* **WHAT IS NEEDED**
Restate the listing that follows word for word, without its pictures.

* **THE DATA**
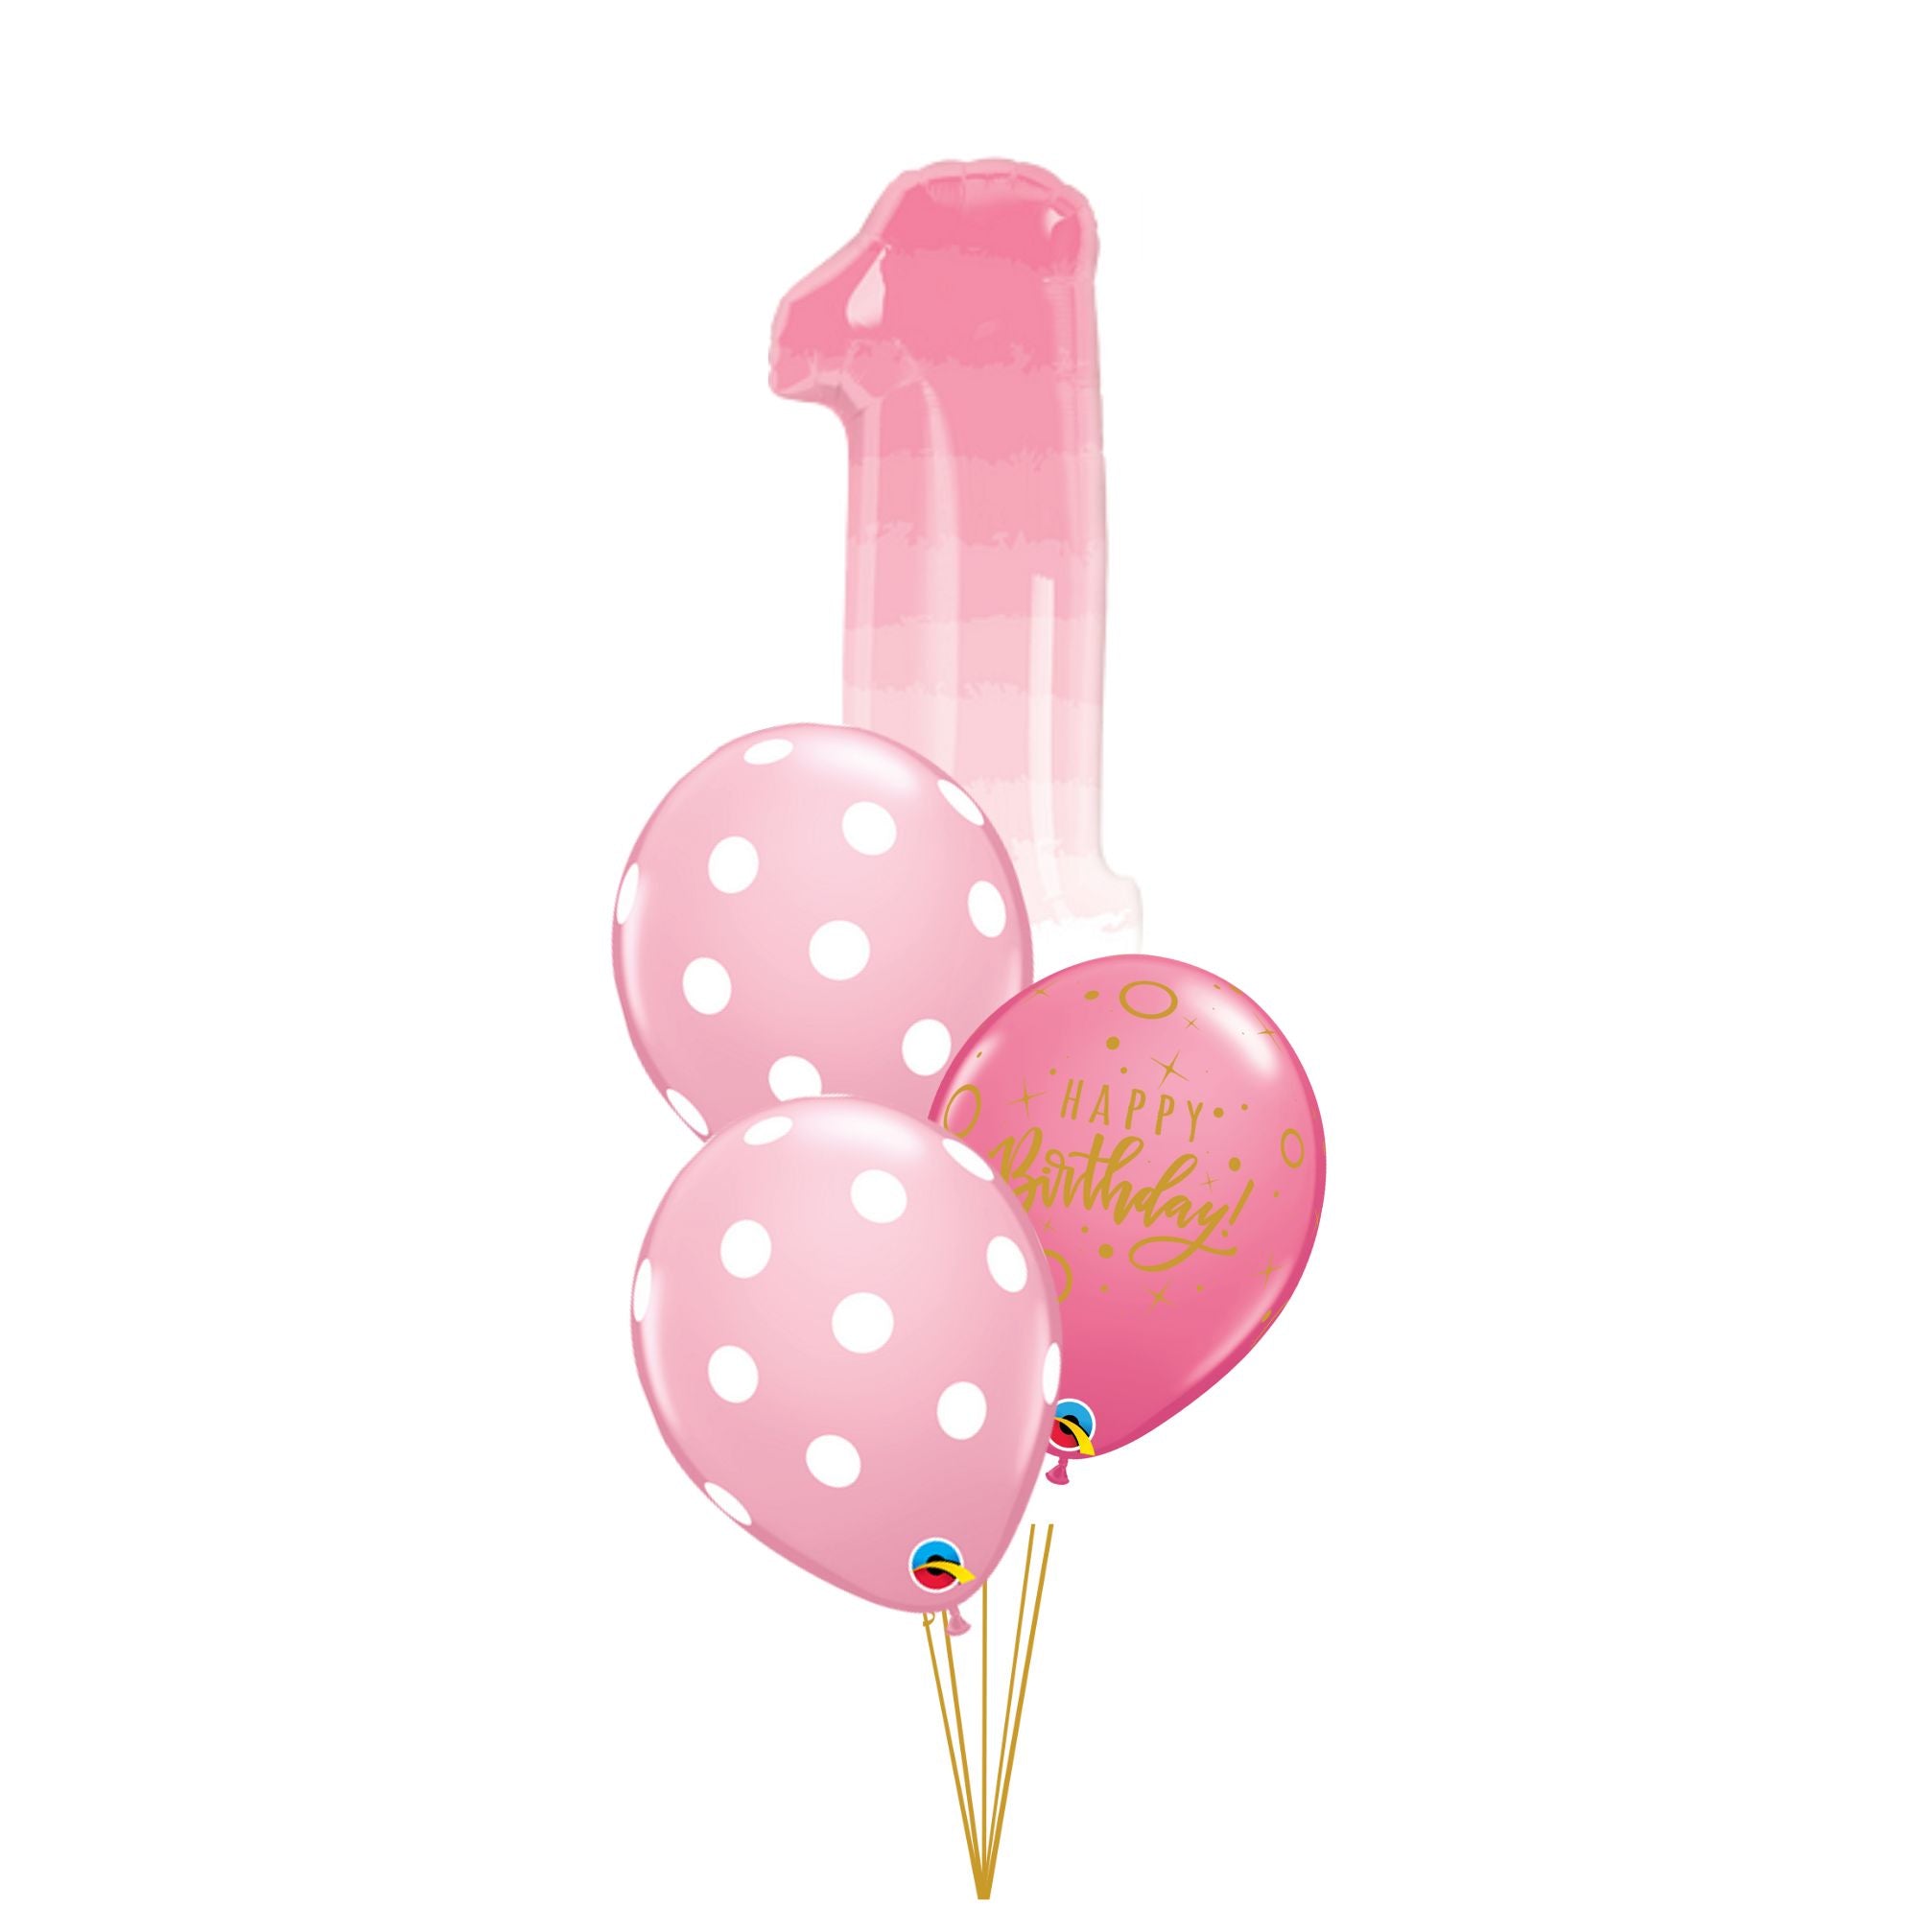 Balloon bouquet combo with one 40" foil number balloon and three regular latex balloons
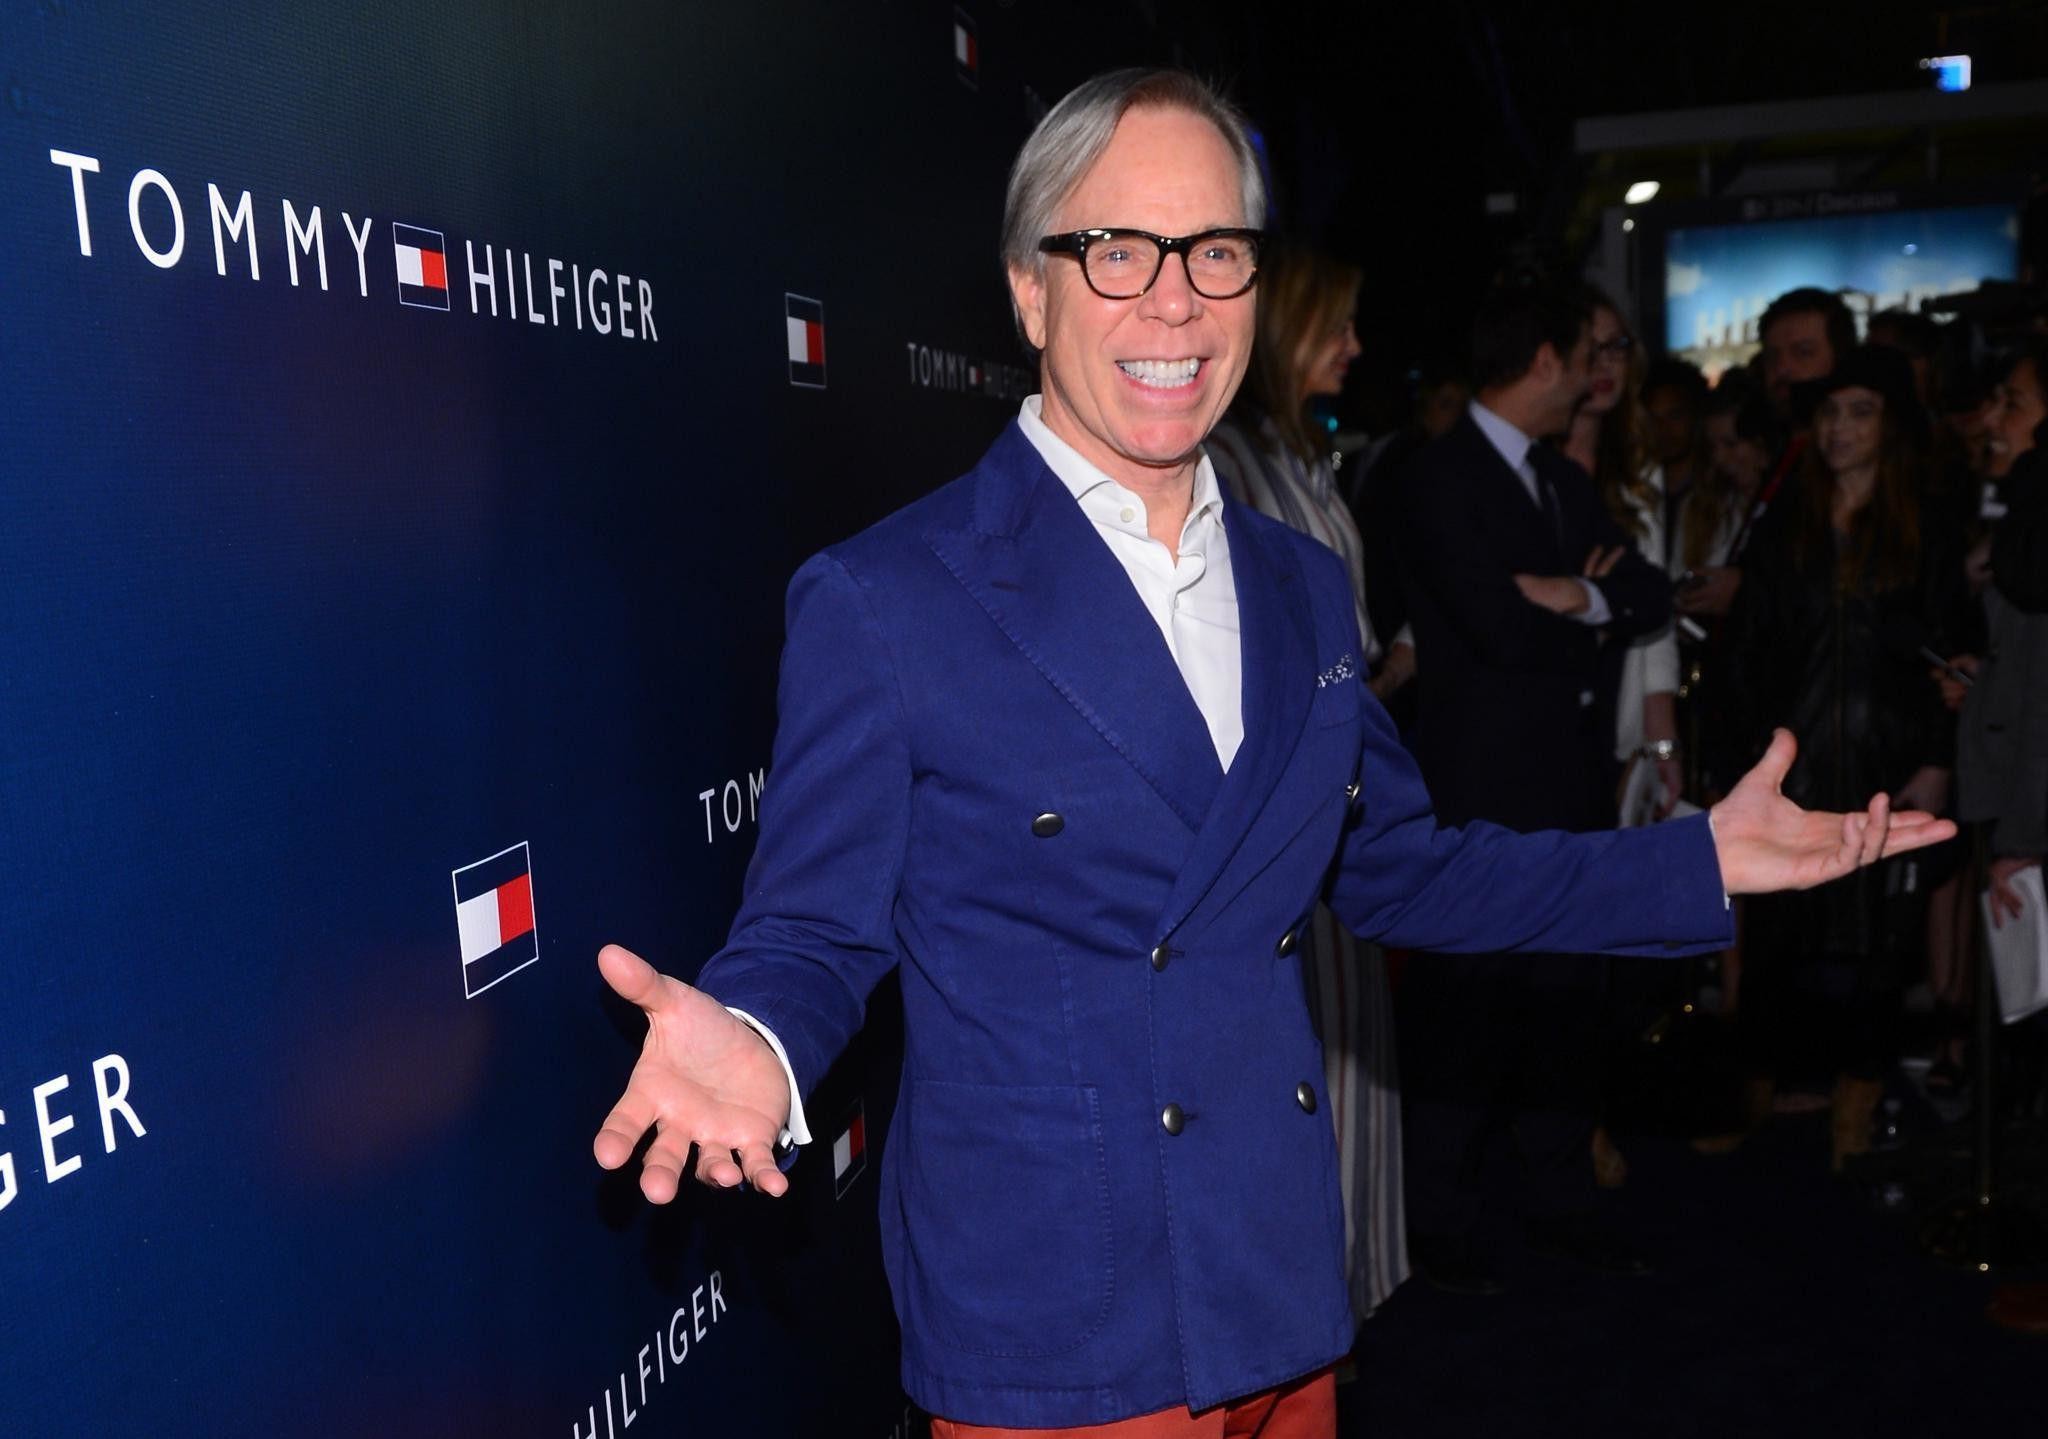 2048x1439 Tommy Hilfiger Wallpapers Images Photos Pictures Backgrounds
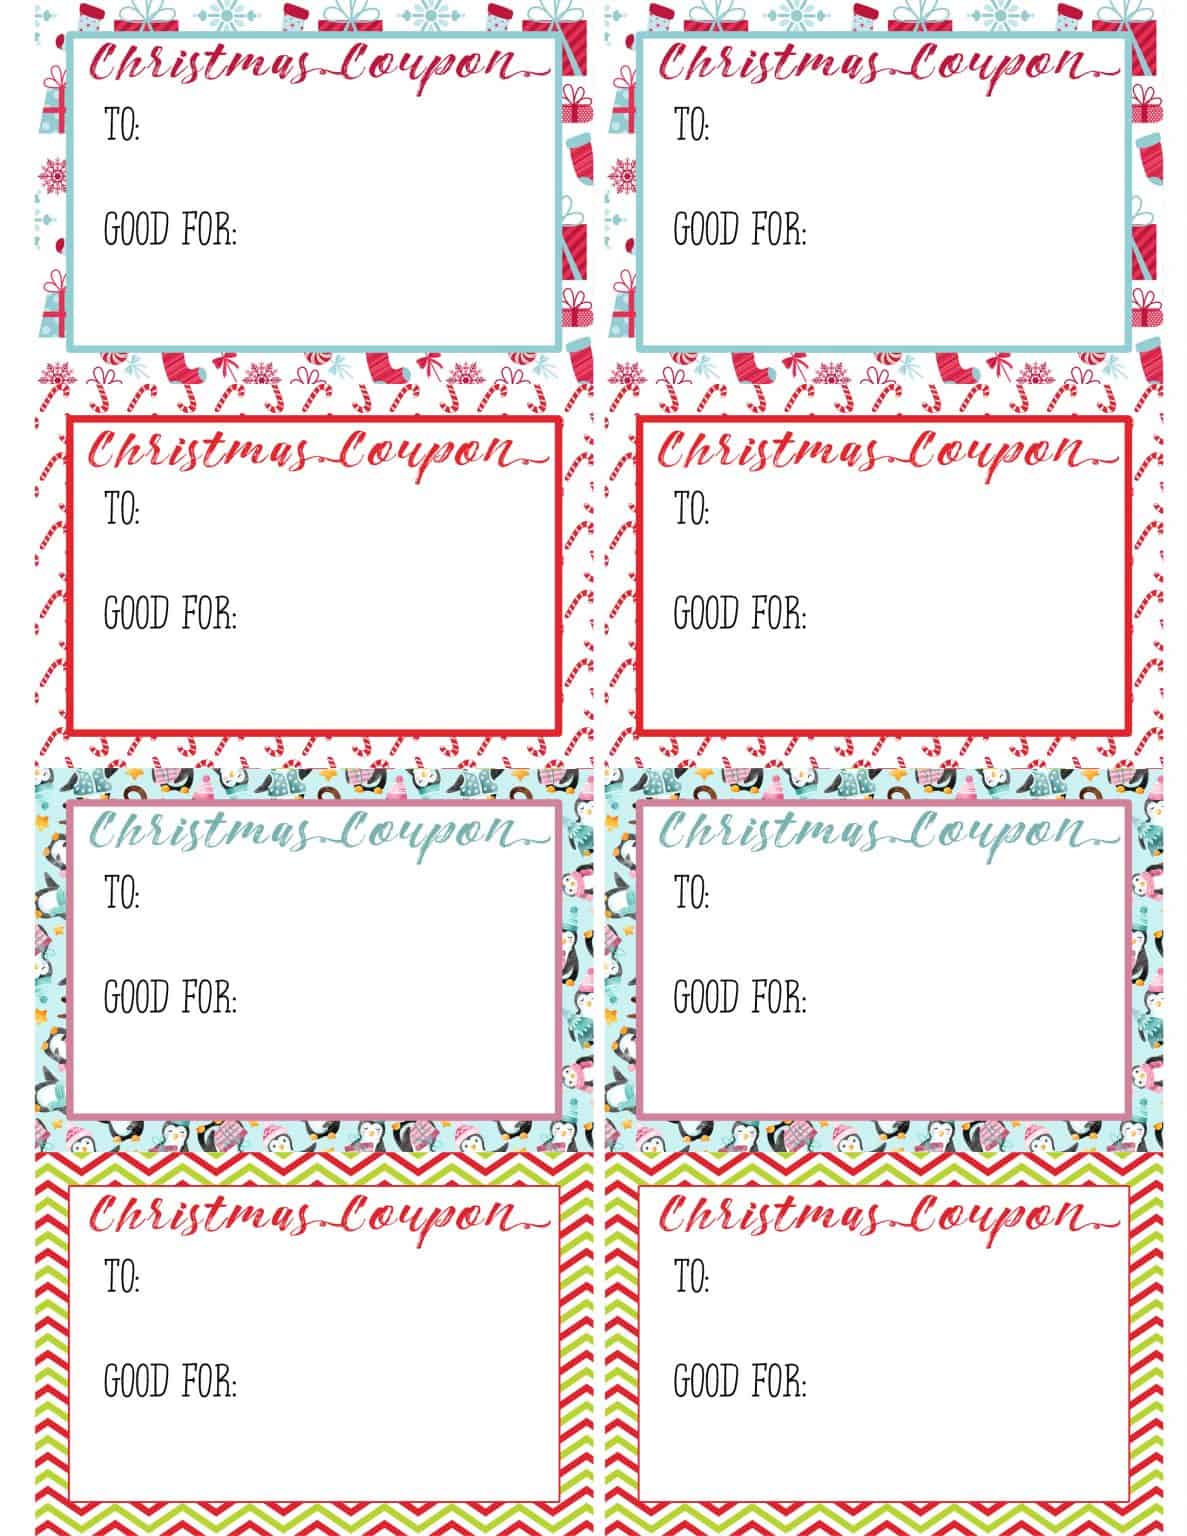 Christmas coupon printable, new in the FREE printable library

* **RESPONSE BELOW**
 Balloon bouquet combo with one 40" foil number balloon and three regular latex balloons
 2048x1439 Tommy Hilfiger Wallpapers Images Photos Pictures Backgrounds
 Christmas coupon printable, new in the FREE printable library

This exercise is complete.